BEGIN Data

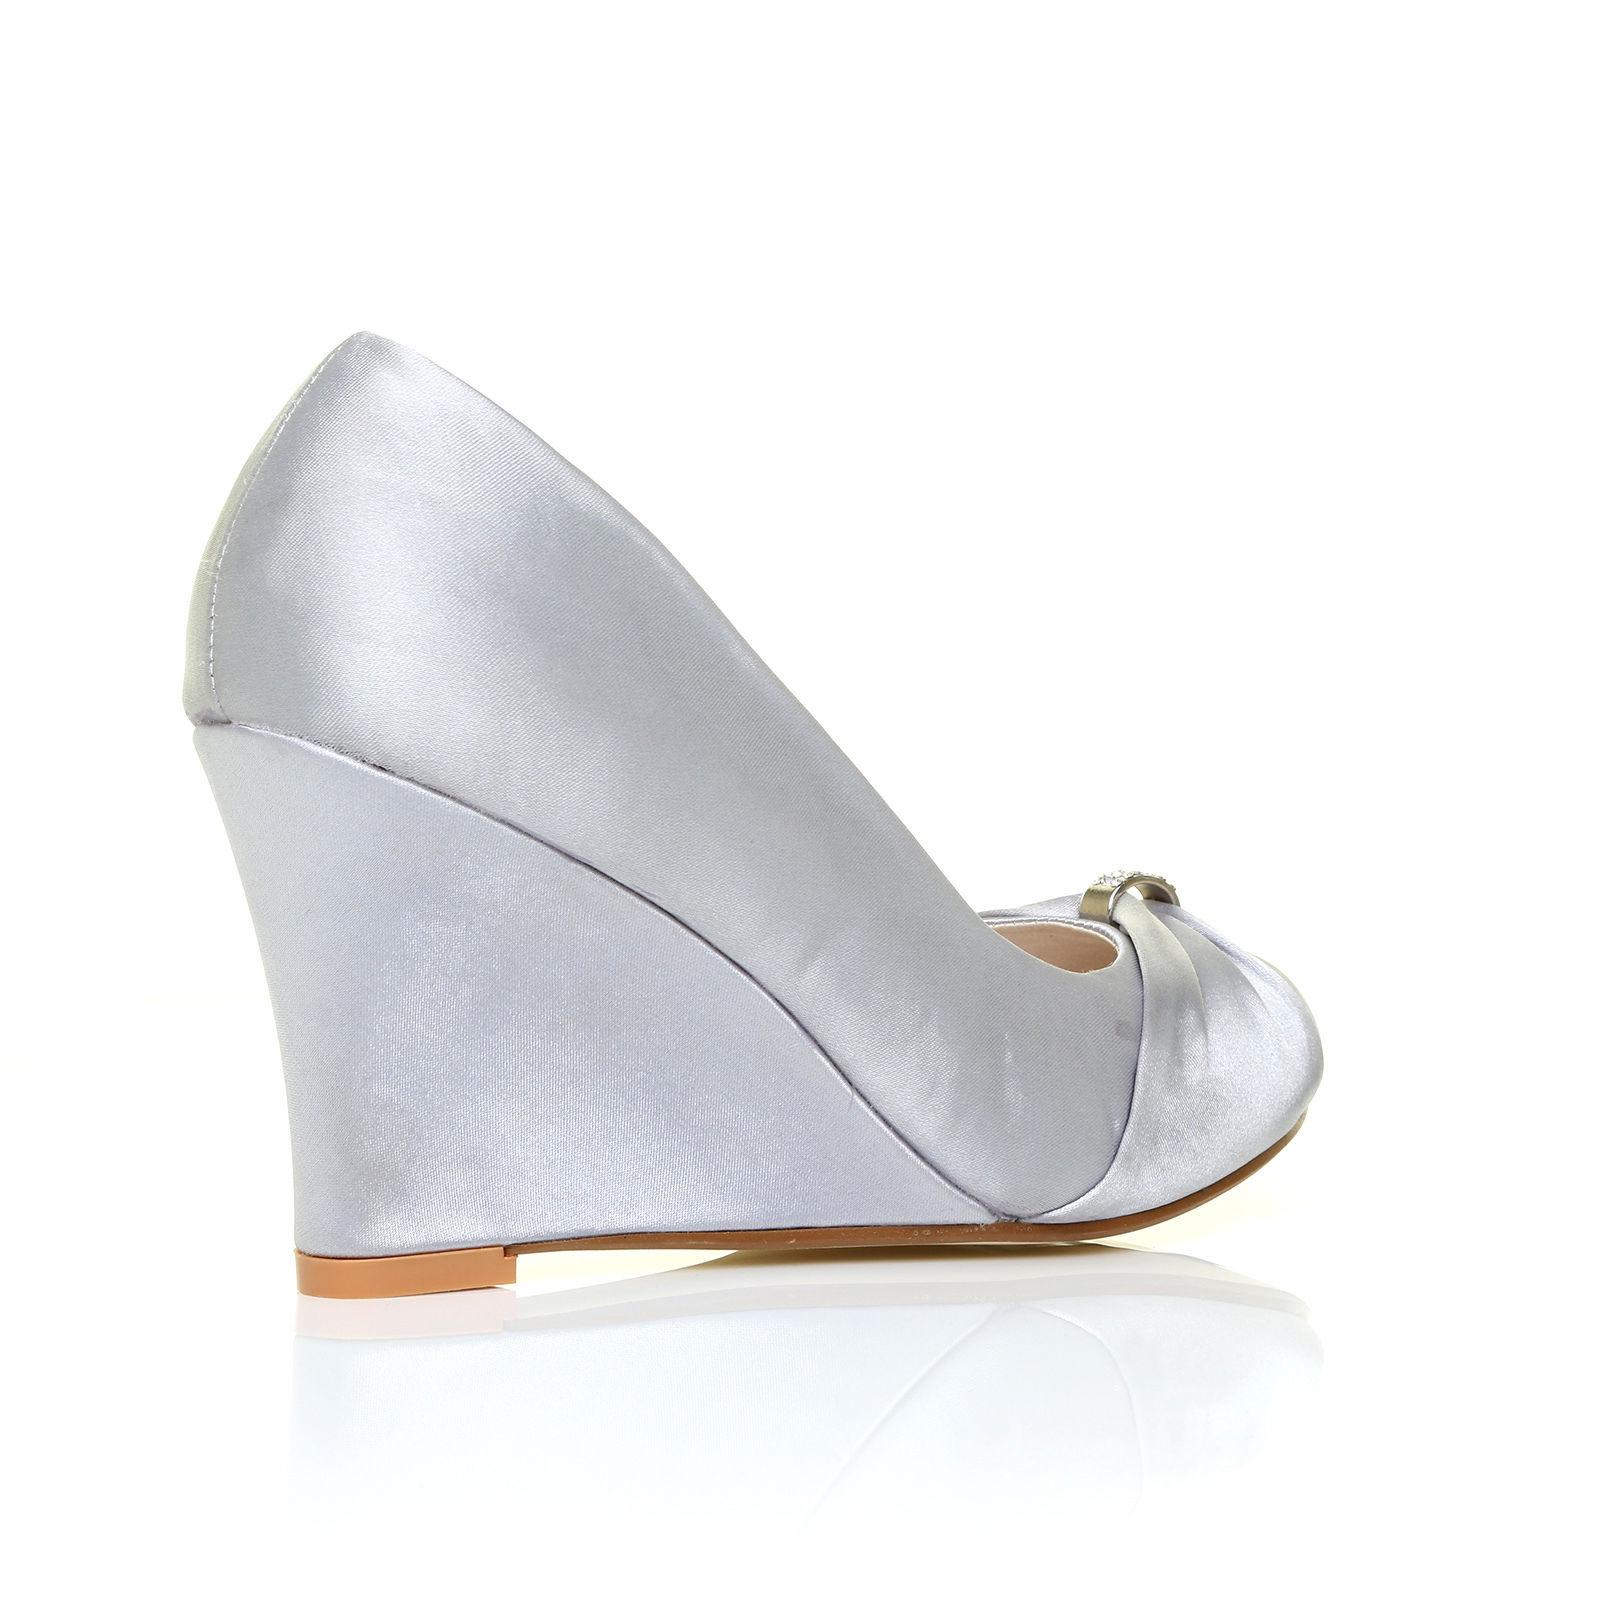 Stříbrné společenské boty, klínek, 36-41 - Obrázek č. 2
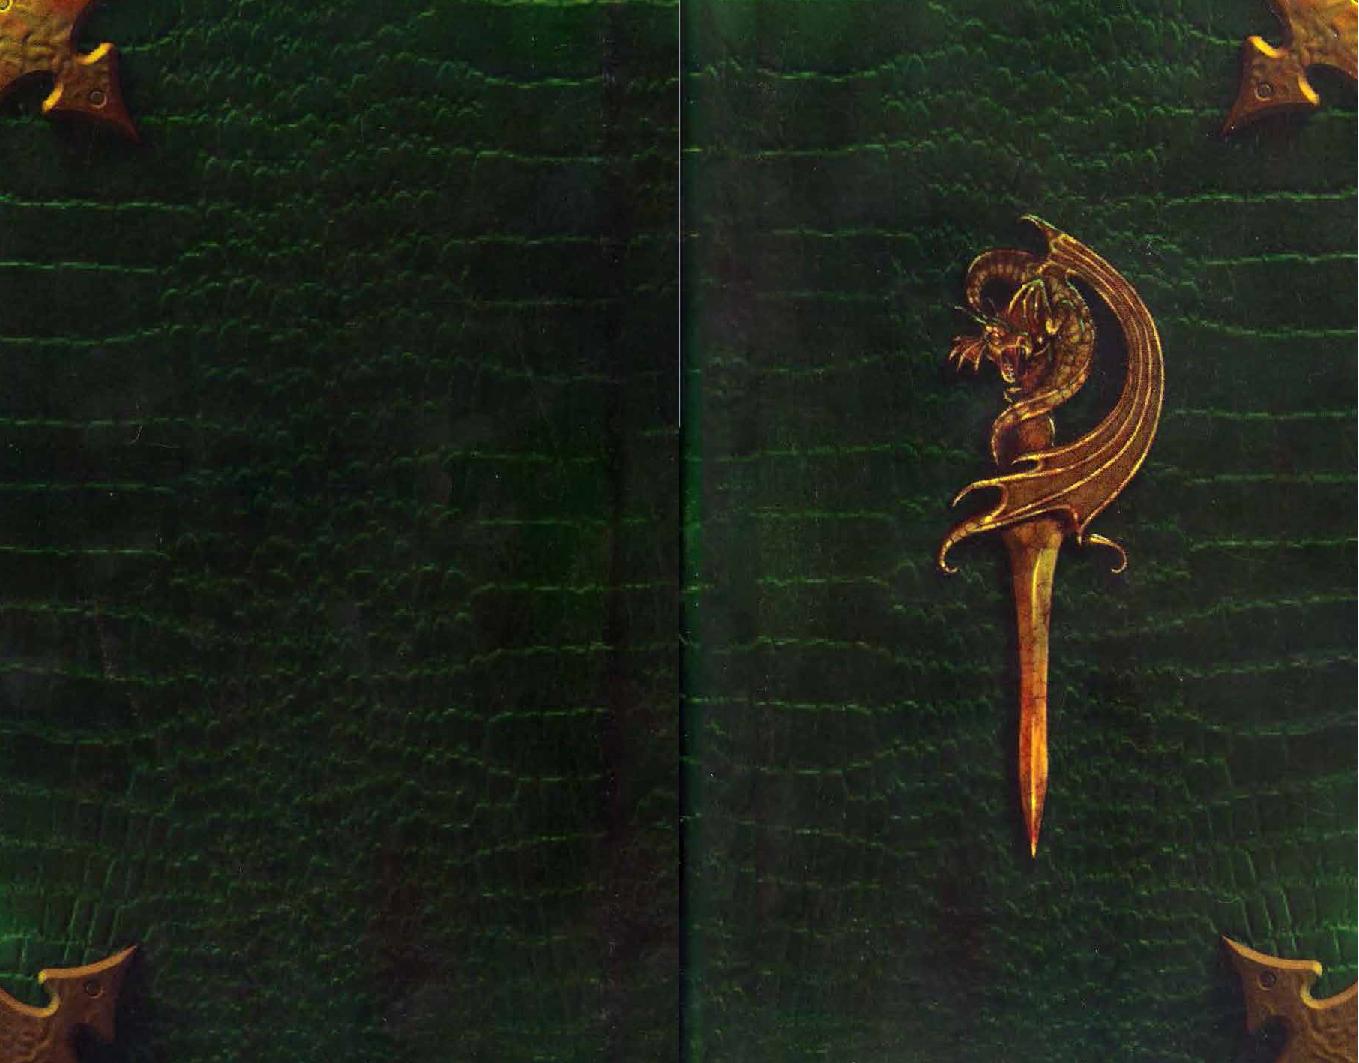 The Elder Scrolls II: Daggerfall User's Guide
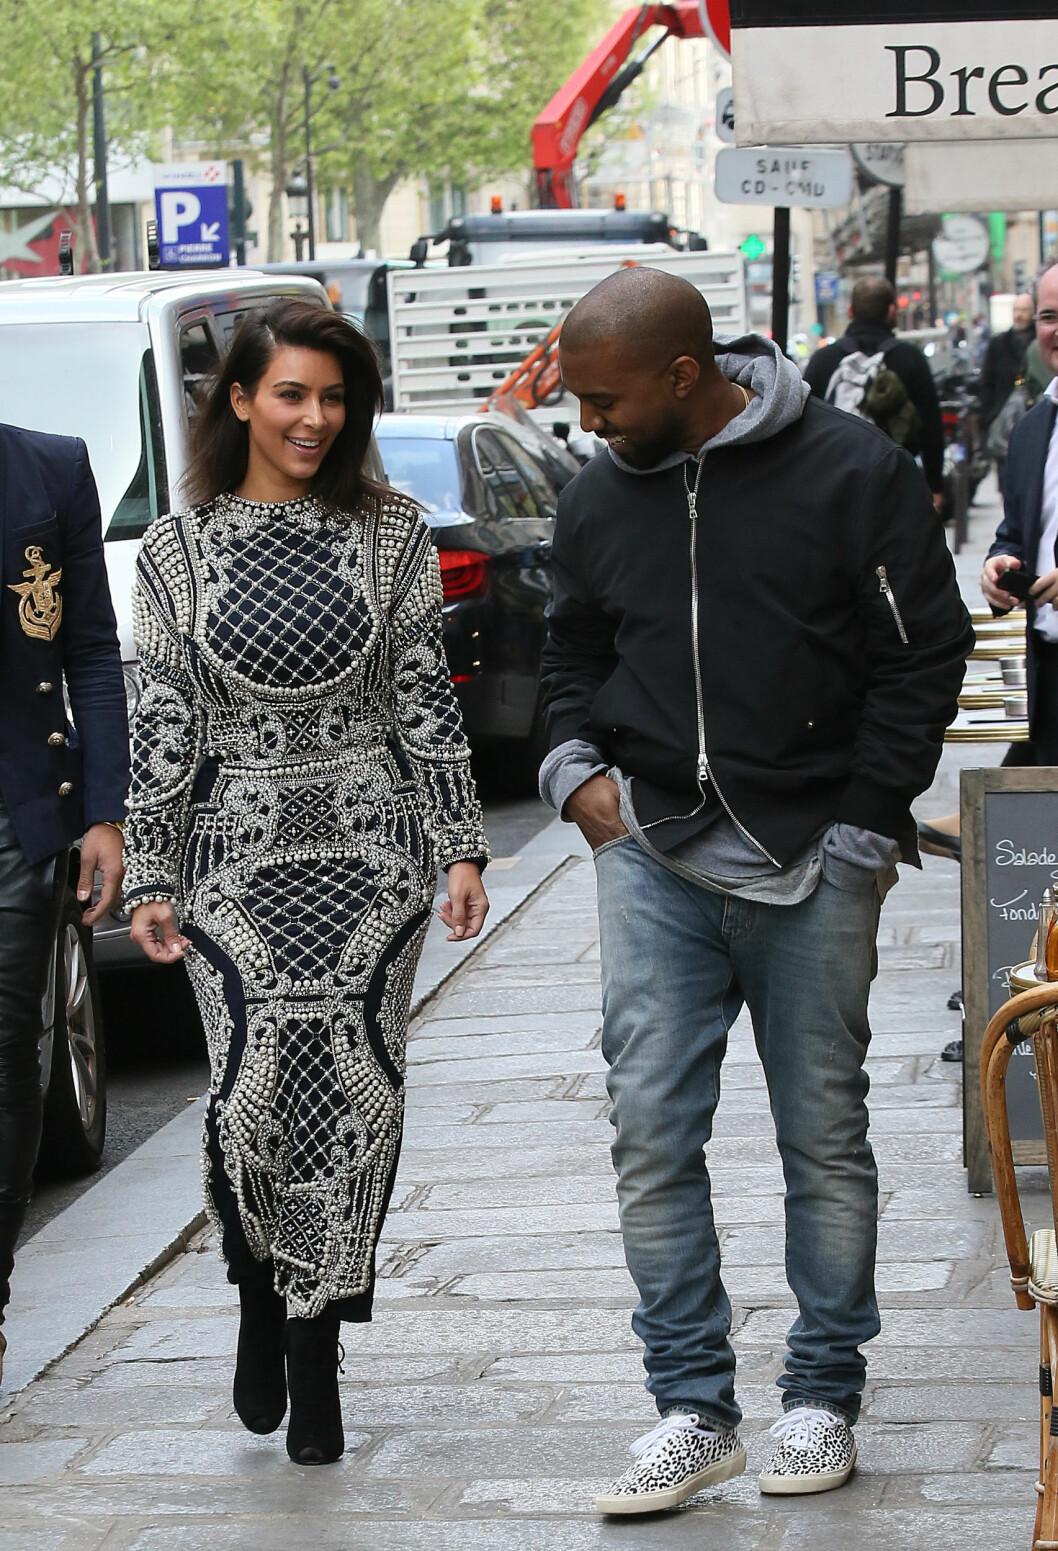 MEKTIG PAR: Kim Kardashian og Kanye West ser ut til å bli enten elsket eller hatet verden over. Nå gjenstår det å se om 2015 blir nok et suksessår for Kim og ektemannen. Her er de avbildet sammen på luksusshopping i Paris i april 2014. Foto: Stella Pictures
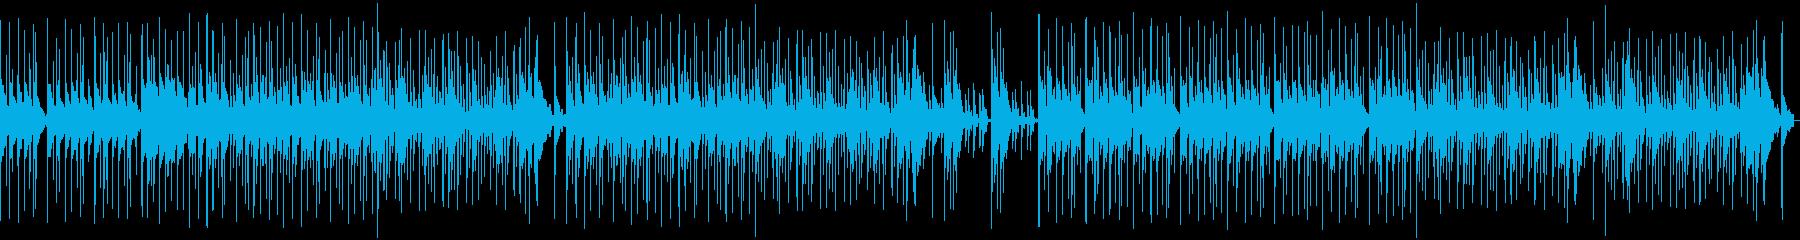 密林に住む部族風BGM(ループ仕様)の再生済みの波形

END Data

▶ **What the task requires**
Your task is to repeat, word for word and with no picture, every line from the one that contains "The Elder Scrolls" through the last line of the data.

▶ **Output below**
 The Elder Scrolls II: Daggerfall User's Guide
 MEKTIG PAR: Kim Kardashian og Kanye West ser ut til å bli enten elsket eller hatet verden over. Nå gjenstår det å se om 2015 blir nok et suksessår for Kim og ektemannen. Her er de avbildet sammen på luksusshopping i Paris i april 2014. Foto: Stella Pictures
 密林に住む部族風BGM(ループ仕様)の再生済みの波形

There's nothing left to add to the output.